There's no (or no obvious) way to stay a fully cross-cutting generalist in a
company of 10K people.

------
Silhouette
Interesting read, though I'm a little wary of the turning generalists into
specialists point being taken too far. There are a lot of unwritten
assumptions behind that idea.

For example, let's consider a business that does something many of us here are
familiar with: making a web app. There's a trend in web development world
these days to put every little thing into its own silo. We separate front-end
and back-end people. We separate back-end developers from DBAs and operations
people. We separate designers and front-end developers. We invent whole new
job titles using trendy terms like "user experience", as if making a good UI
hasn't always involved doing the same things.

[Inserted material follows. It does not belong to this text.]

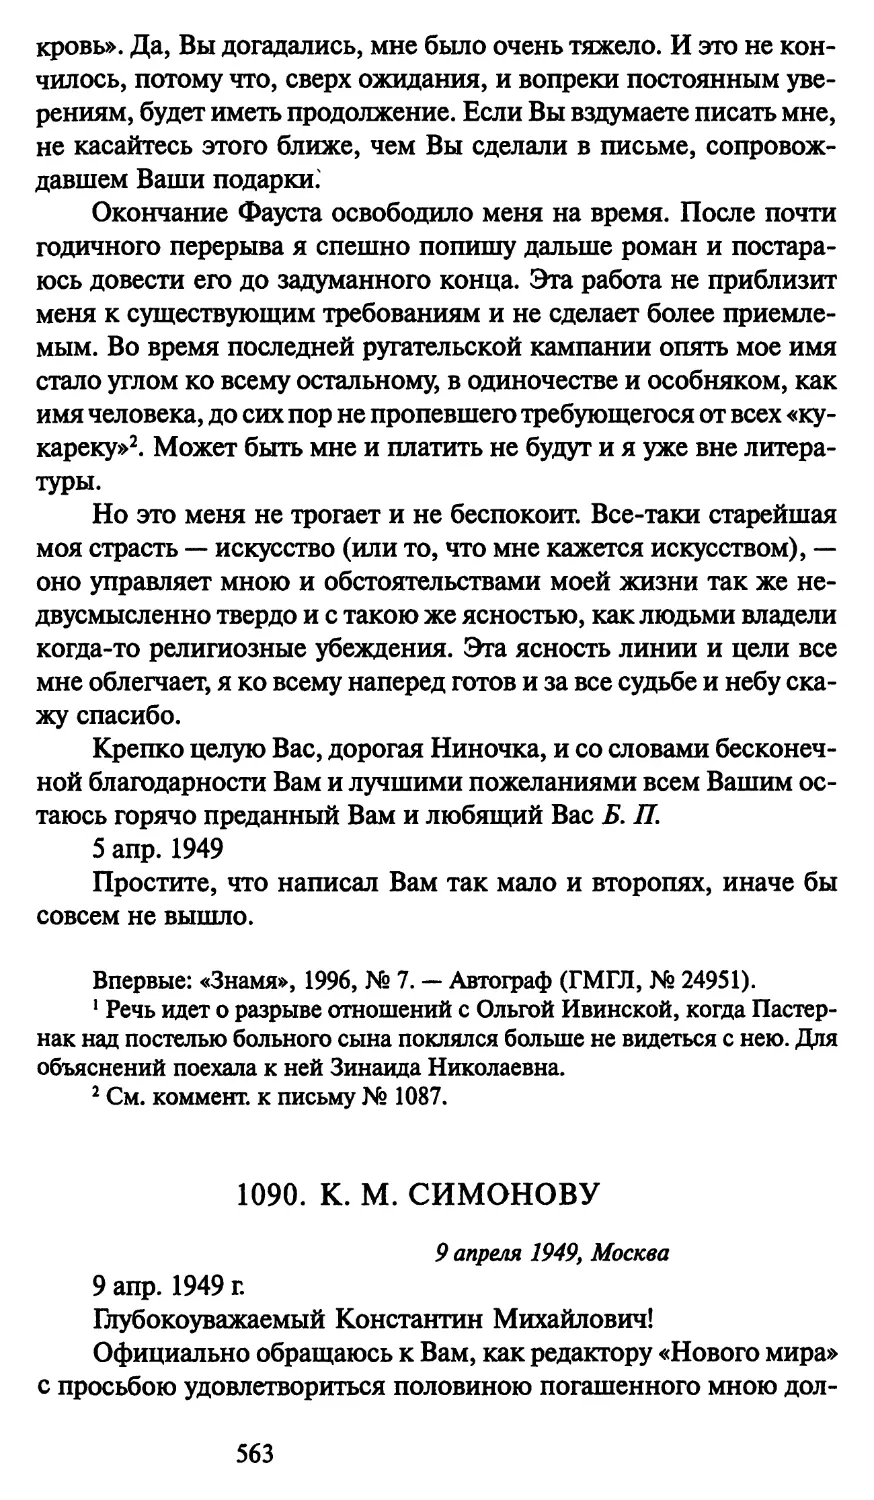 1090. К. М. Симонову 9 апреля 1949

The real world does not work like this. In the real world, all of these things
are related, and what matters is the overall result. In the real world, there
are many different skill sets, but almost no-one is an expert at one thing and
has little if any knowledge of the others. And crucially, in the real world
someone can often do one part of a job much better if they also have
substantial knowledge of some of the related parts.

So I think generalist vs. specialist is almost always a false dichotomy once
you get beyond the crude "Yes, the CEO probably shouldn't also be the guy
spending all day debugging a tricky rendering glitch" level. One "generalist"
with skills/knowledge in more than one area can easily be more productive than
multiple "specialists" who each know their own area but don't really
understand the relationships to adjacent areas, and thus need significant
process and management to work effectively at all and still probably incur
significant overheads. IME, the principle of keeping a level of generalism
scales up just fine as well: those with the broader knowledge and skills often
become good candidates for technical leadership roles in growing
organisations.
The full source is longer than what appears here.